The government could save lives and cut costs if it made it more difficult to launch a new medication, according to a new study.

The study, conducted by Duke University and published August 5 in Health Affairs, said medication errors - or adverse drug events -could be prevented if the Food and Drug Administration required pharmaceutical companies to conduct larger pre-approval clinical trials.

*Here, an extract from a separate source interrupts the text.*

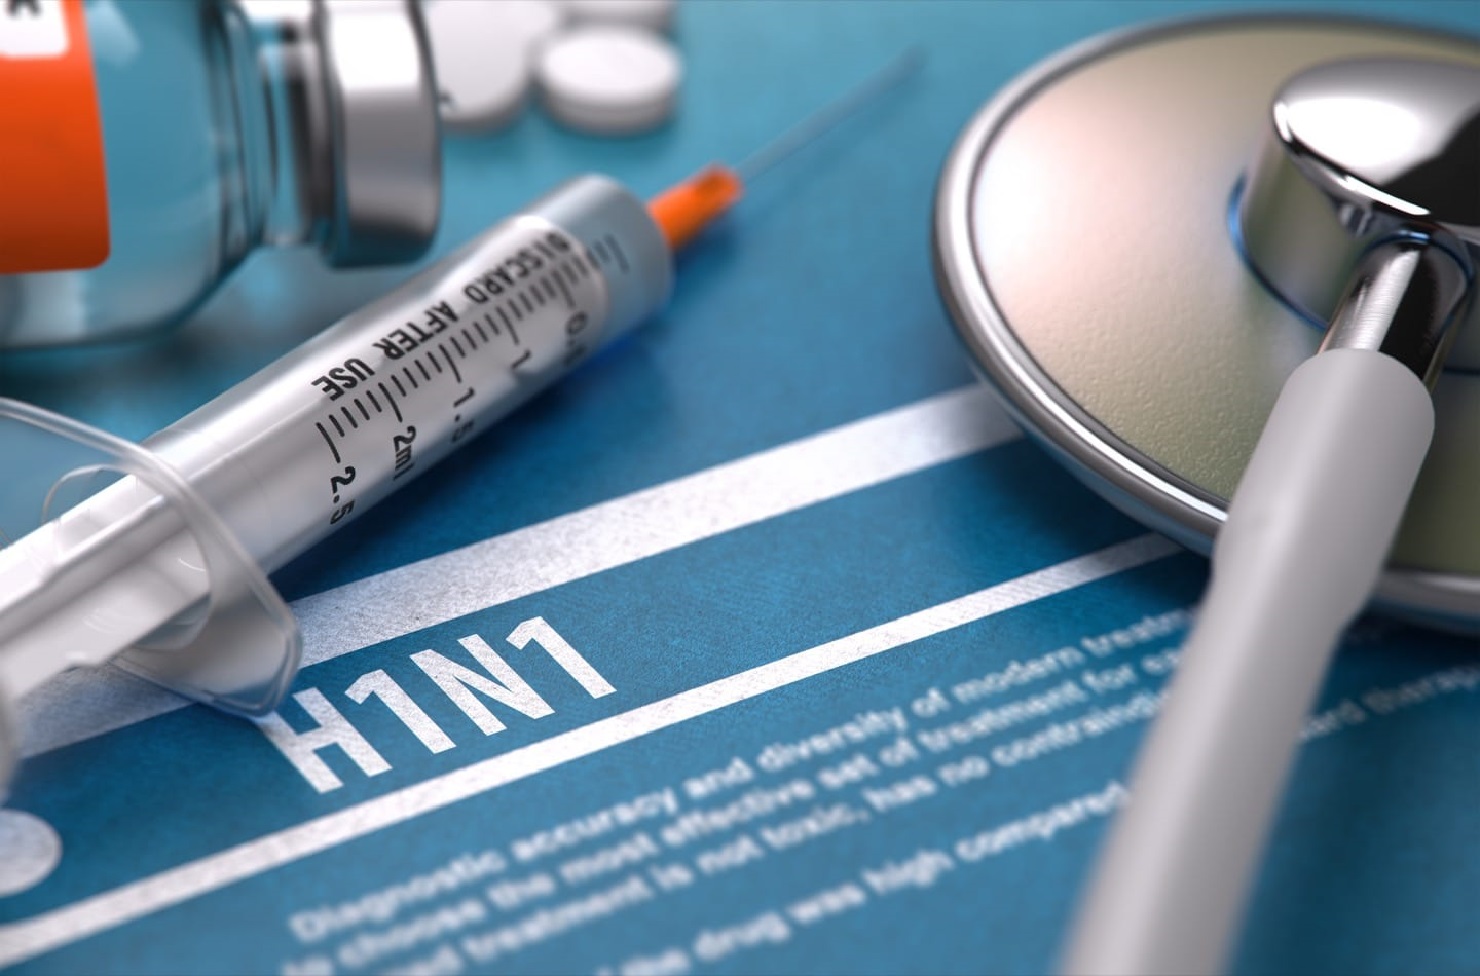 Ιταλία: Δύο νεκροί και τέσσερις σε σοβαρή κατάσταση στη Βιτσέντσα από τη γρίπη H1N1

Drug safety has been a much-discussed topic recently, but most of the attention has focused on post-marketing surveillance, not on determining how likely the drugs are to cause adverse effects, authors of the study said.

"Clinical trials are currently designed to get drugs approved," said lead author Shelby Reed, an associate professor in medicine at the Duke Clinical Research Institute. "Detection of adverse drug events, if it happens at all, occurs as a by-product."

Reed said the ability to detect adverse events should be "an explicit factor" in designing clinical trials.

"Pre-approval trials can't be the whole story when it comes to drug safety, but they can be a crucial part of an overall strategy," she added.

Reed and her co-authors said the FDA should require drug makers to increase the number of patients used in trials of drugs with greater odds of an adverse event. Pre-approval trials can then be designed with enough patients to be able to "reliably detect" the odds of adverse drug effects, she said.

Researchers said adverse drug events might outweigh a given drug's benefits depending on the severity of the disease being treated, the number of people suffering from the condition, and the availability of alternative therapies. The authors said the ability of clinical trials to detect potential medication errors could be strengthened by including patients at high risk for the adverse effects, as well as increasing the size of the trials.

Alan Garber, MD, a staff physician at the Veterans Affairs Palo Alto Health Care System and director of the Center for Health Policy and Center for Primary Care and Outcomes Research at Stanford University, said the best strategy for evaluating new therapies should vary from drug to drug. He called the Duke University study "a step toward the comprehensive, formal analysis needed to make rational decisions about drug safety."